Я любил разговоры с ним; он разговаривал, чтобы добиться, разобрать по косточкам, чтобы честно отказаться от своего мнения или заставить это же проделать противника.
Беседы с Малафеевым давали: и мне и ему; в наших отказах от заблуждений, в усилиях друг друга понять — чувствовалось движенье.
Я любил его наблюдать в иные минуты.
В 1902–1905 годах он постоянно оспаривал нас, символистов, борясь с налетами декадентства и с буржуазной культурой; сам он чутко воспринимал символизм и утонченность стиля, и ядреную колкость фразы; но он подчеркивал: достижения наши останутся бирюльками, если мы не вернем народу того, что народ нам дал в виде прав на культуру. Чувствовалась строгость и требовательность в самой его дружбе к нам: эта дружба была испытующей, проверяющей.

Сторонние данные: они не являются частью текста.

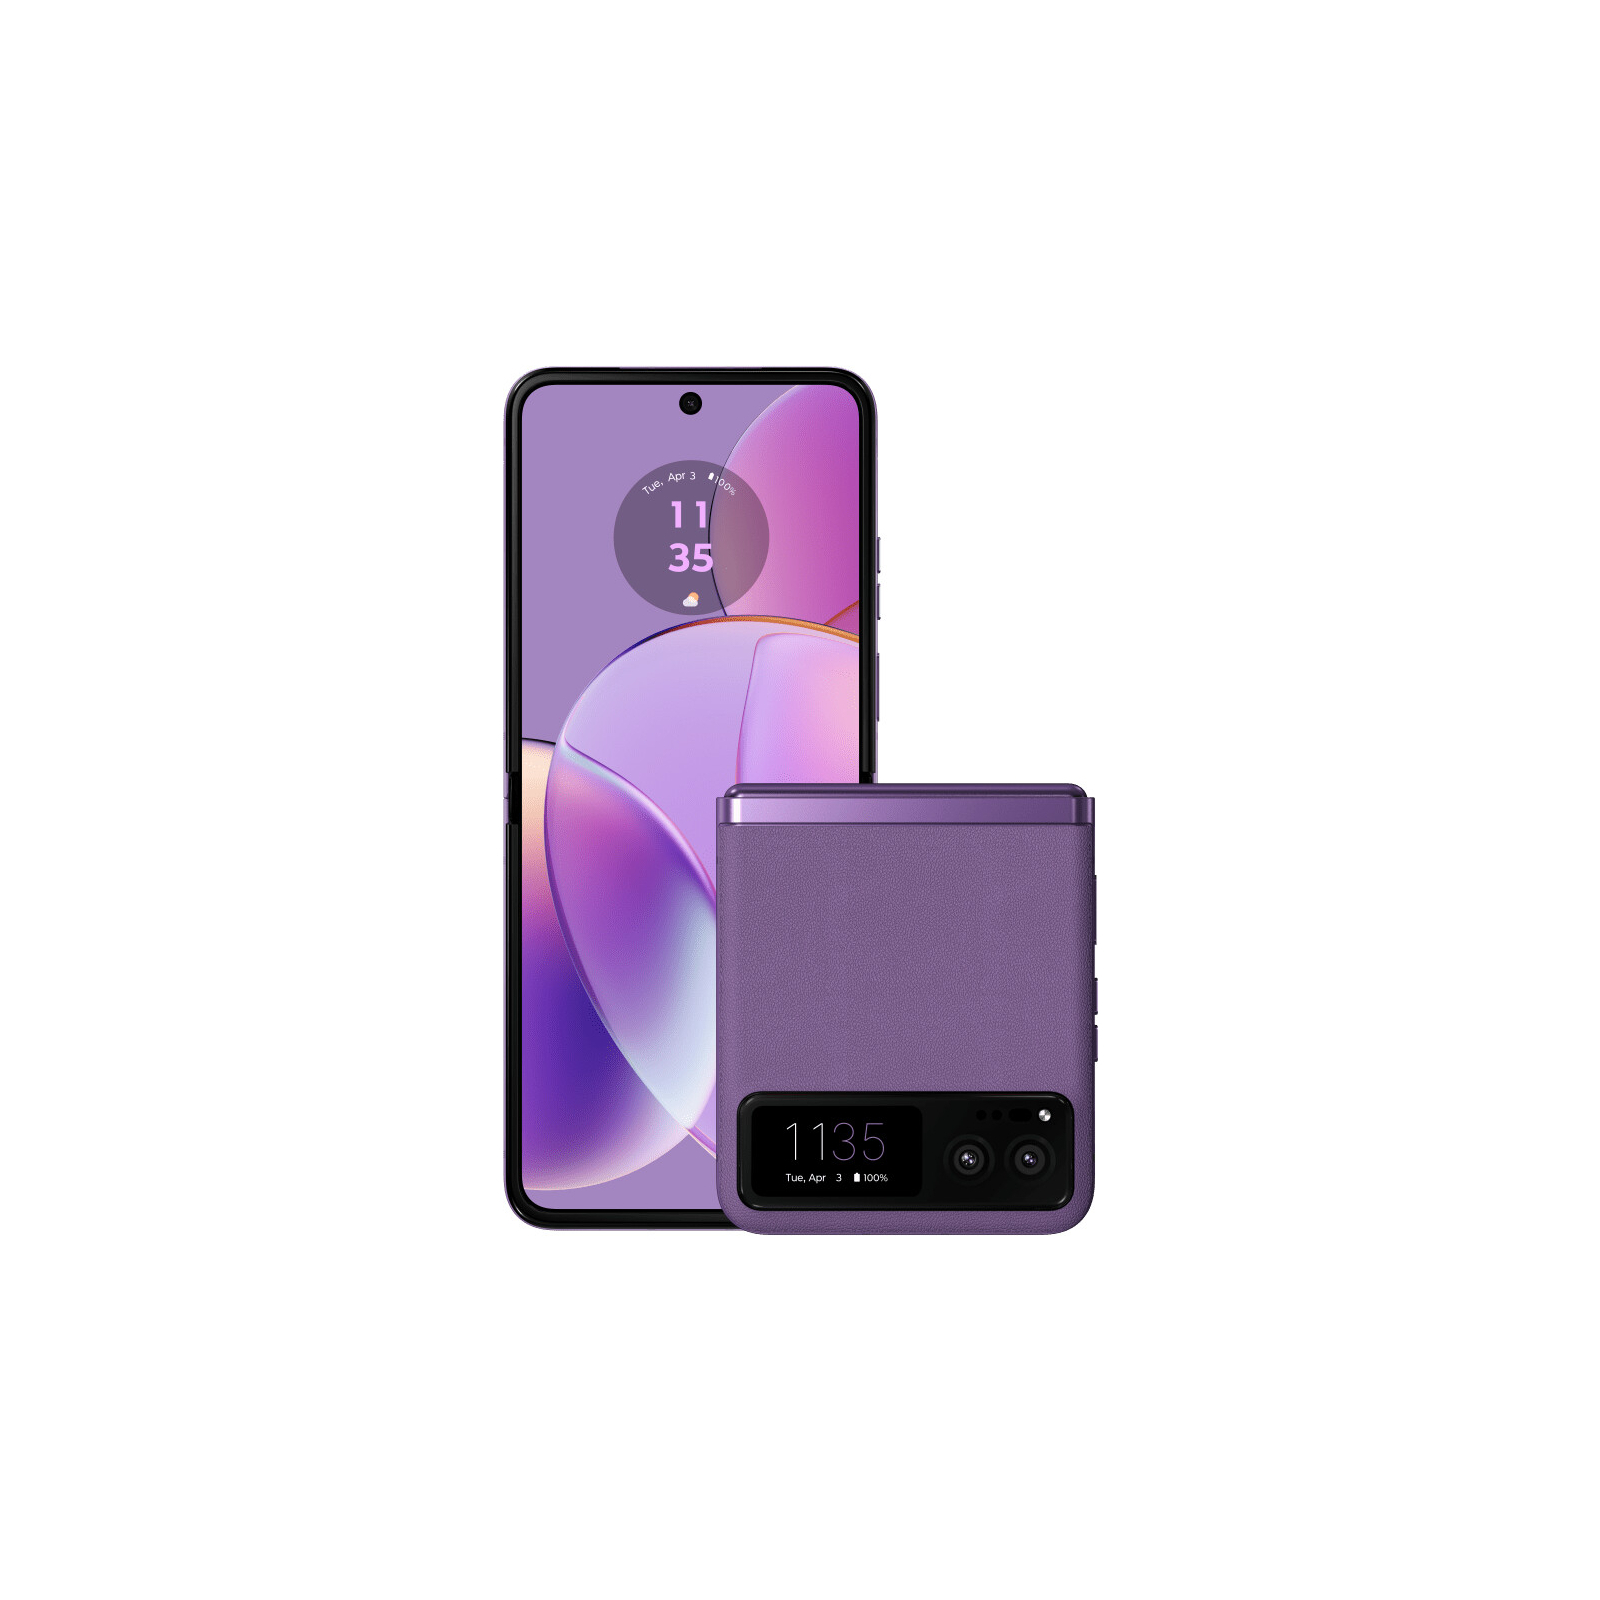 Мобільний телефон Motorola Razr 40 8/256GB Summer Lilac (PAYA0048RS)

От всякой маниловщины тошнило его.
А когда доходило до игр и забав, то Н. М., старший средь нас, много пострадавший в жизни муж, с невероятным подъемом грохал хохотом, составляя пару с Ивановым; и если последний жив в воображении «кентавром», то из гротесков Н. М. высовывался «леший»; неподражаемо он исполнял им придуманный в соответствии с моим «козловаком» собственный танец, им названный «травушка-муравушка»; грохом каблуков и ором он вызывал оторопь.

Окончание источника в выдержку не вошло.